Purchases of cryptocurrencies by the Company will be included within investing activities in the statements of cash flows, while cryptocurrencies awarded to the Company through its mining activities will be included as a non-cash adjustment within operating activities on the statements of cash flows. The sales of cryptocurrencies will be included within investing activities in statements of cash flows and any realized gains or losses from such sales will be included in other income (expense) in the statements of operations. The Company will account for its gains or losses in accordance with the first in first out (“FIFO”) method of accounting.

Impairment of long-lived assets

Management will review its long-lived assets for impairment whenever events or changes in circumstances indicate that the carrying amount of an asset may not be recoverable. Recoverability of assets to be held and used will be measured by a comparison of the carrying amount of an asset to undiscounted future cash flows expected to be generated by the asset. If such assets are considered to be impaired, the impairment to be recognized will be measured by the amount by which the carrying amount of the assets exceeds the fair value of the assets.

Recent accounting pronouncements issued but not yet adopted, page F-57

 

  19.

Please expand the disclosure to address the specific assets included in the “electric power infrastructure” to be consistent with the description of the Standard Power agreement described on page 187.

Response: The Company respectfully acknowledges the Staff’s comment and has revised pages F-61 of the Amended Registration Statement.

Recent accounting pronouncements issued but not yet adopted, page F-57

 

  20.

Refer to your discussion of the binding definitive framework agreement dated June 10, 2021 on pages 188 and 189. Please expand the disclosure of the joint venture to include the additional terms and details in the agreement, including your responsibilities and how the development fees and revenues will be allocated to venture partners.
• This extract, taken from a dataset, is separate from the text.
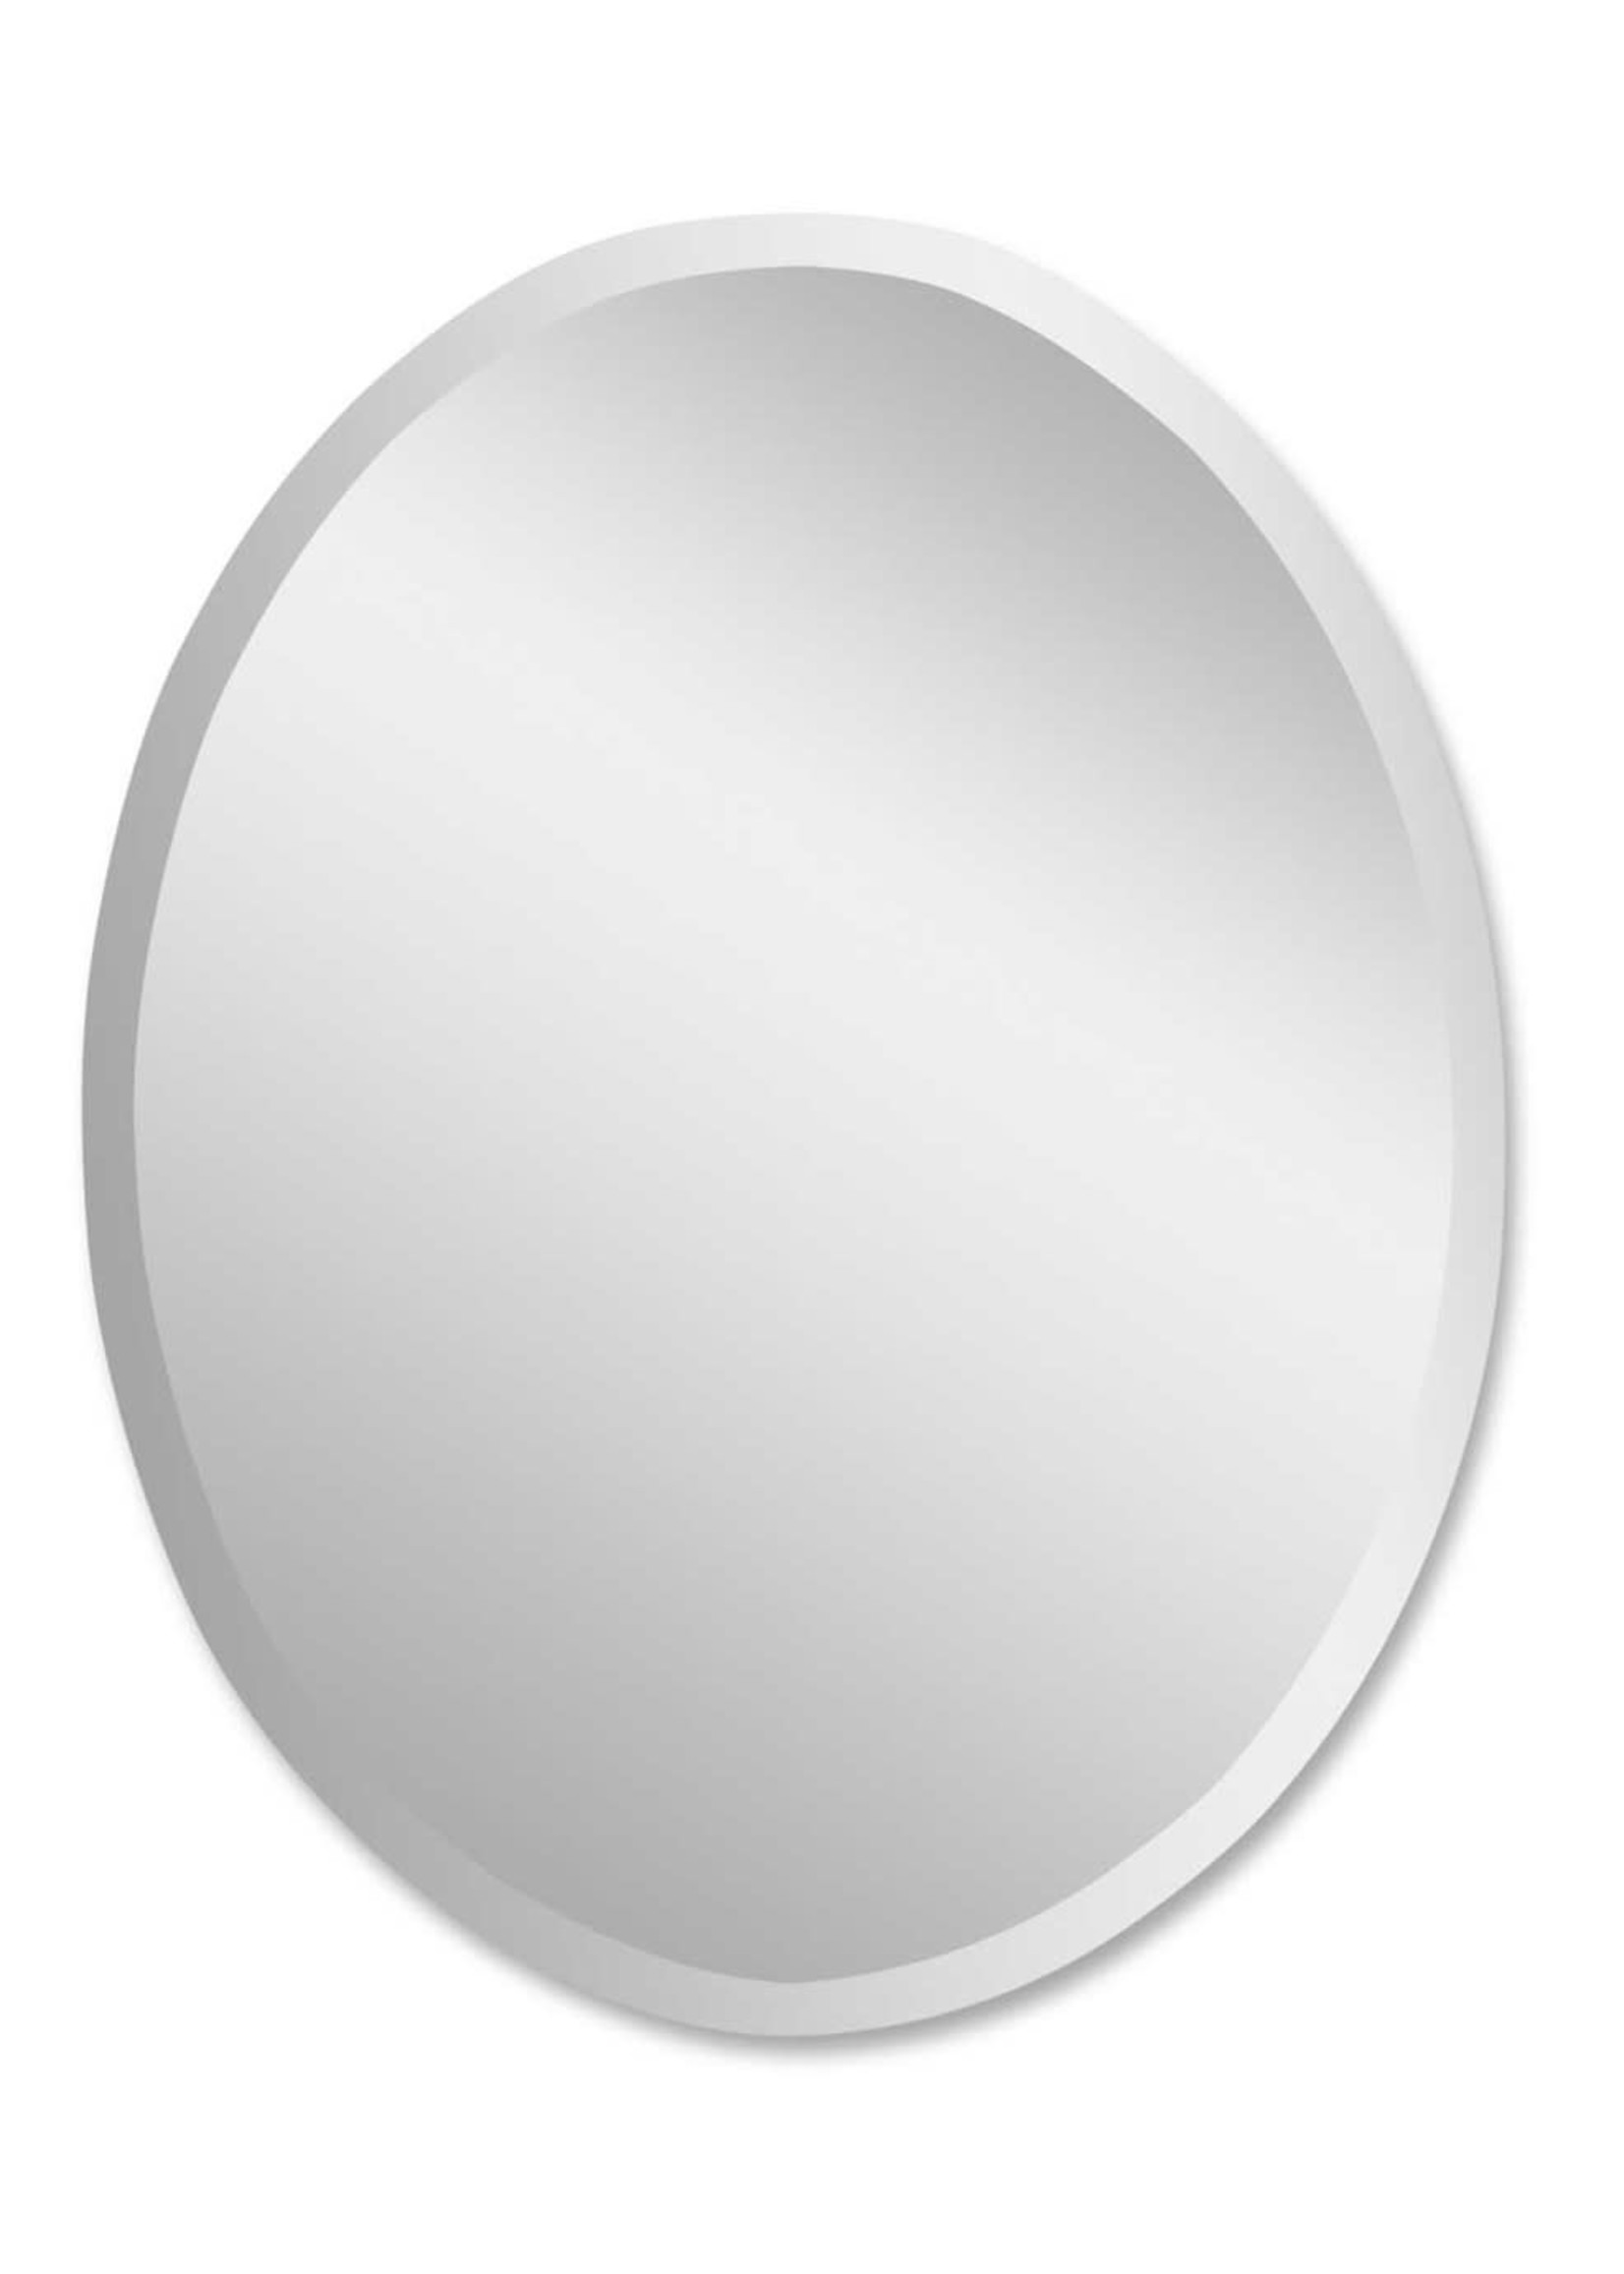 UTTERMOST LARGE OVAL MIRROR

Please also describe your accounting policy for the joint venture.

Response: The Company respectfully acknowledges the Staff’s comment and has revised pages F-61 and F-62 of the Amended Registration Statement to expand the requested disclosure in “Note 5—Commitments and ContingenciesPower and hosting arrangements” of Cipher’s unaudited interim financial statements as of April 30, 2021 and for the three months ended April 30, 2021.


  21.

Please expand the disclosure of the benefit-in-kind commitment to clarify the accounting treatment.

Response: The Company respectfully acknowledges the Staff’s comment and advises the Staff that there is no longer a benefit-in-kind commitment to be recorded because, as mentioned above, the terms of the Bitfury Subscription Agreement have been changed. The Bitfury Subscription Agreement (attached as Exhibit 10.4 to the Amended Registration Statement) was amended and restated on July 8, 2021, to amend the consideration for 5 million shares of New Cipher common stock from a 25% benefit-in-kind discount under the Master Services and Supply Agreement to a $50 million cash payment which will be paid at Closing in the form of cash and/or forgiveness of outstanding indebtedness owed by Cipher to Bitfury Top HoldCo (or an affiliate of Bitfury Top HoldCo). The Company revised pages 1, 28, 124, 113 and elsewhere to reflect this.

* * *

We hope the foregoing answers are responsive to your comments. Please do not hesitate to contact me by telephone at 202-724-6848 or on my mobile at 202-415-8300, or via email at rdemartino@schiffhardin.com, with any questions or comments regarding this correspondence.

 

Very truly yours,

/s/ Ralph V. De Martino

Ralph V. De Martino
Schiff Hardin LLP

 

cc:

(via email)

Fred S. Zeidman, Good Works Acquisition Corp.

Cary Grossman, Good Works Acquisition Corp.